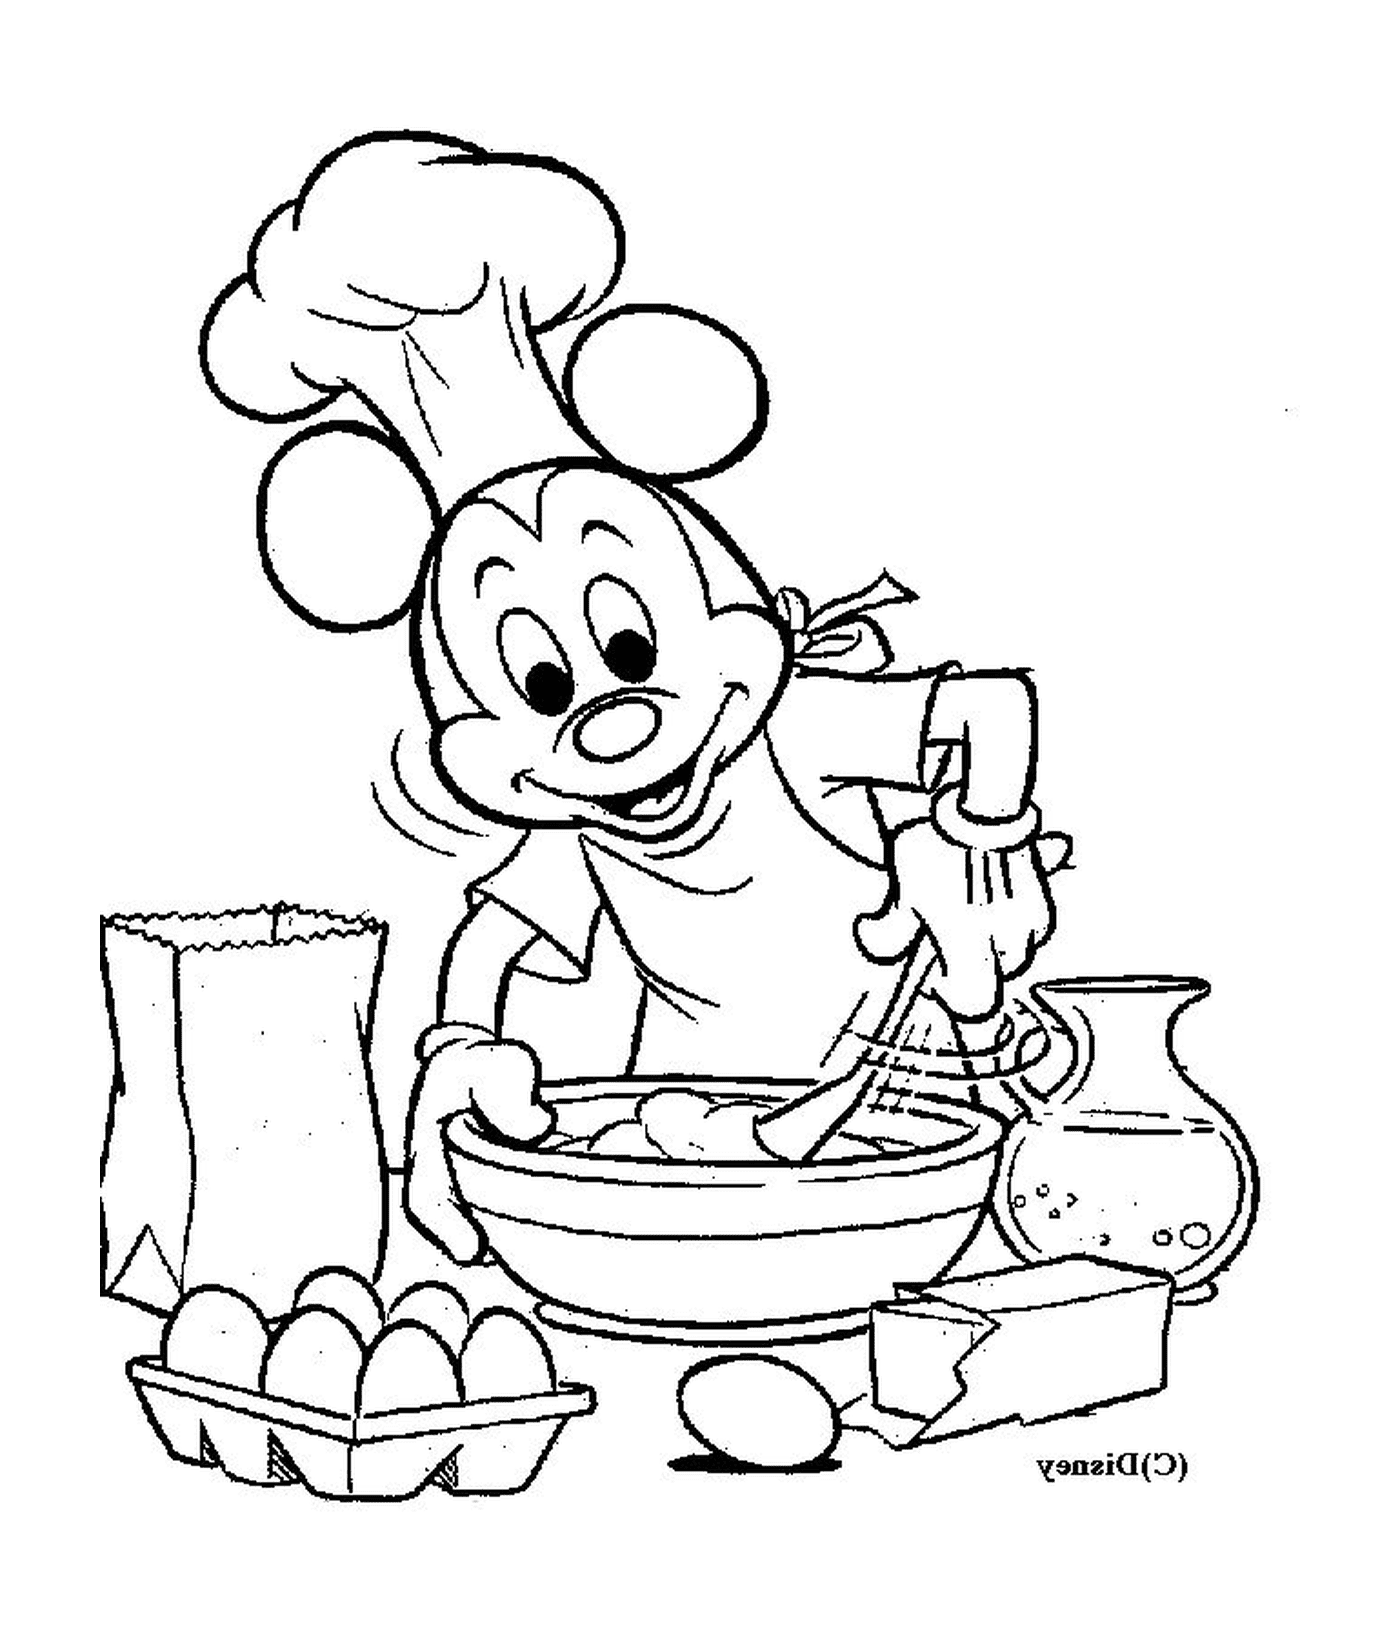  Микки Маус, шеф-повар, смешивающий миску с едой 
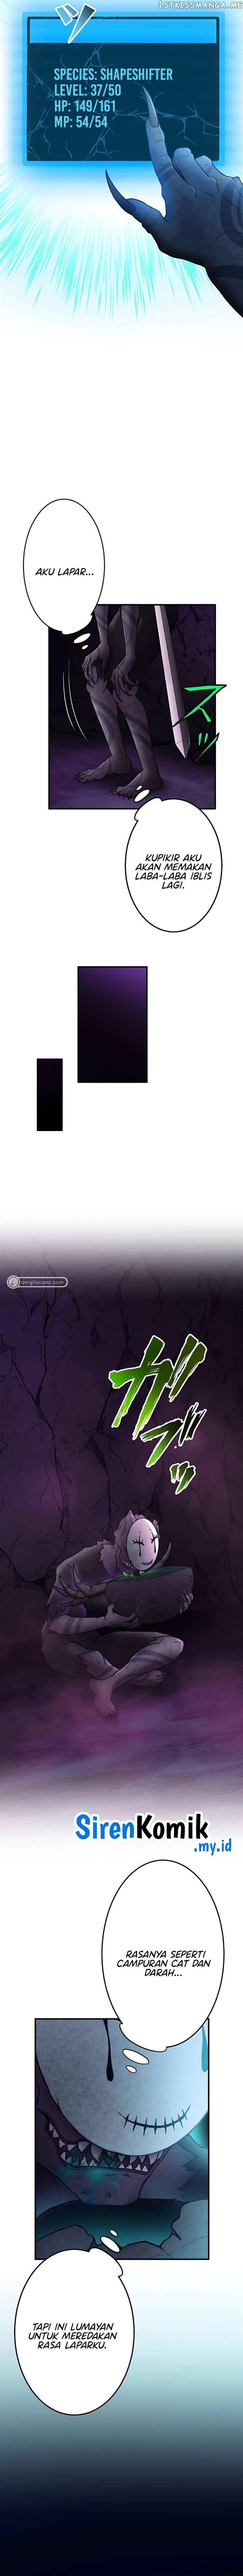 Undead King ~Teihen Bouken-sha, Mamono no Chikara de Shinka Musou~ Chapter 27
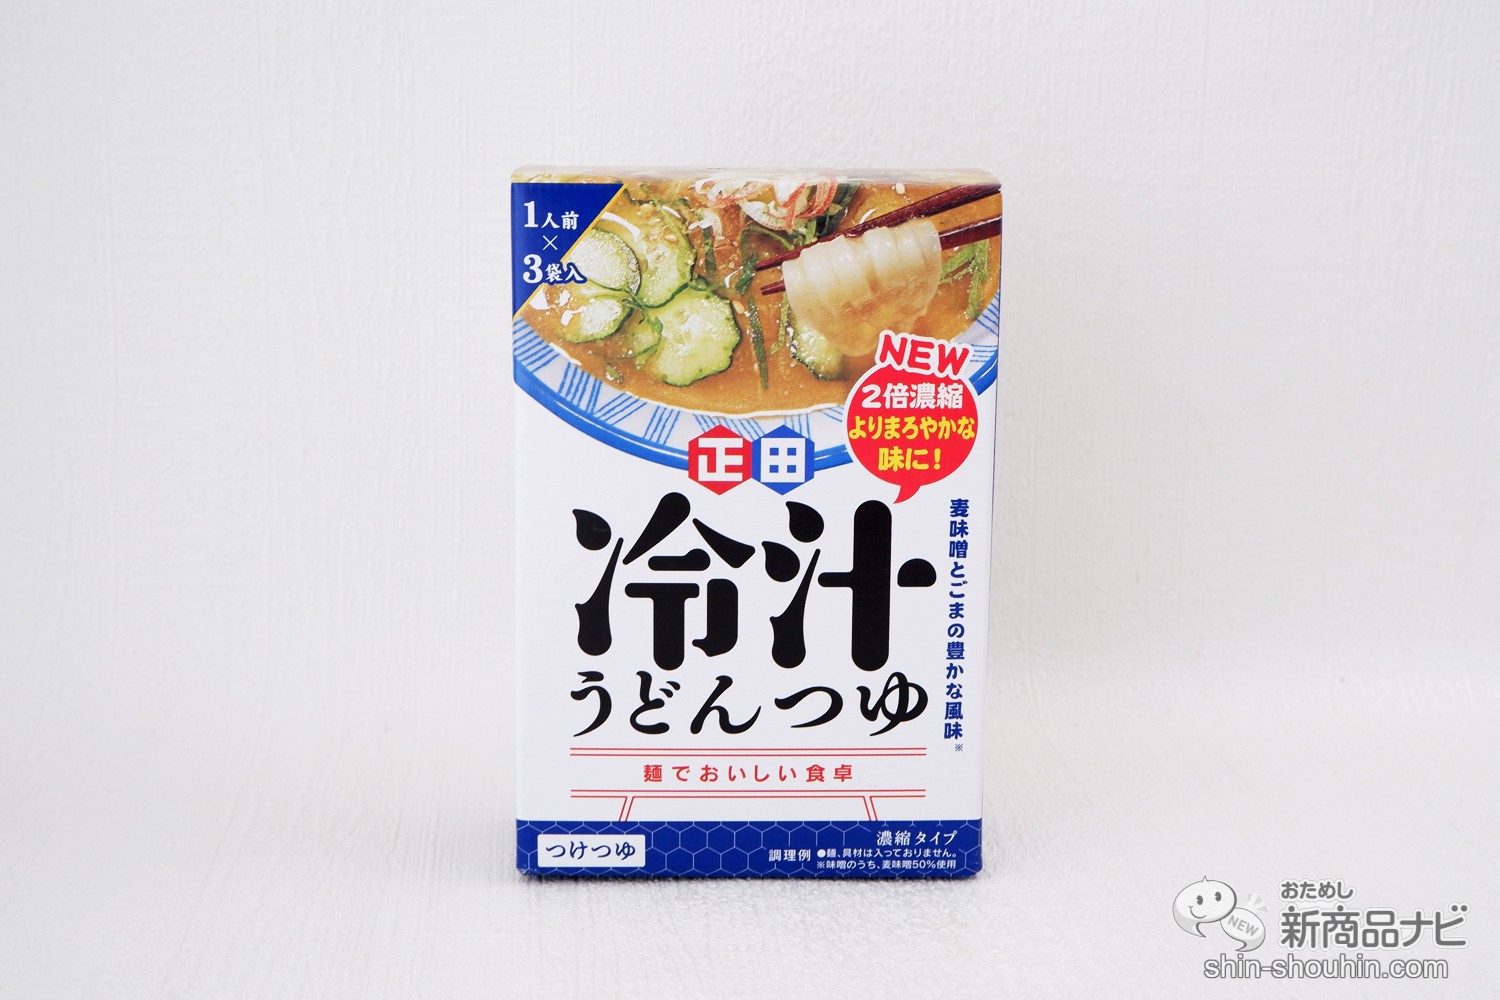 おためし新商品ナビ » Blog Archive » 夏に食べたい埼玉の郷土料理を

• • • • • • •

Assignment: Leaving out the pictures, output each line above exactly as it is.

Result:
  Микки Маус, шеф-повар, смешивающий миску с едой 
 Undead King ~Teihen Bouken-sha, Mamono no Chikara de Shinka Musou~ Chapter 27
 おためし新商品ナビ » Blog Archive » 夏に食べたい埼玉の郷土料理を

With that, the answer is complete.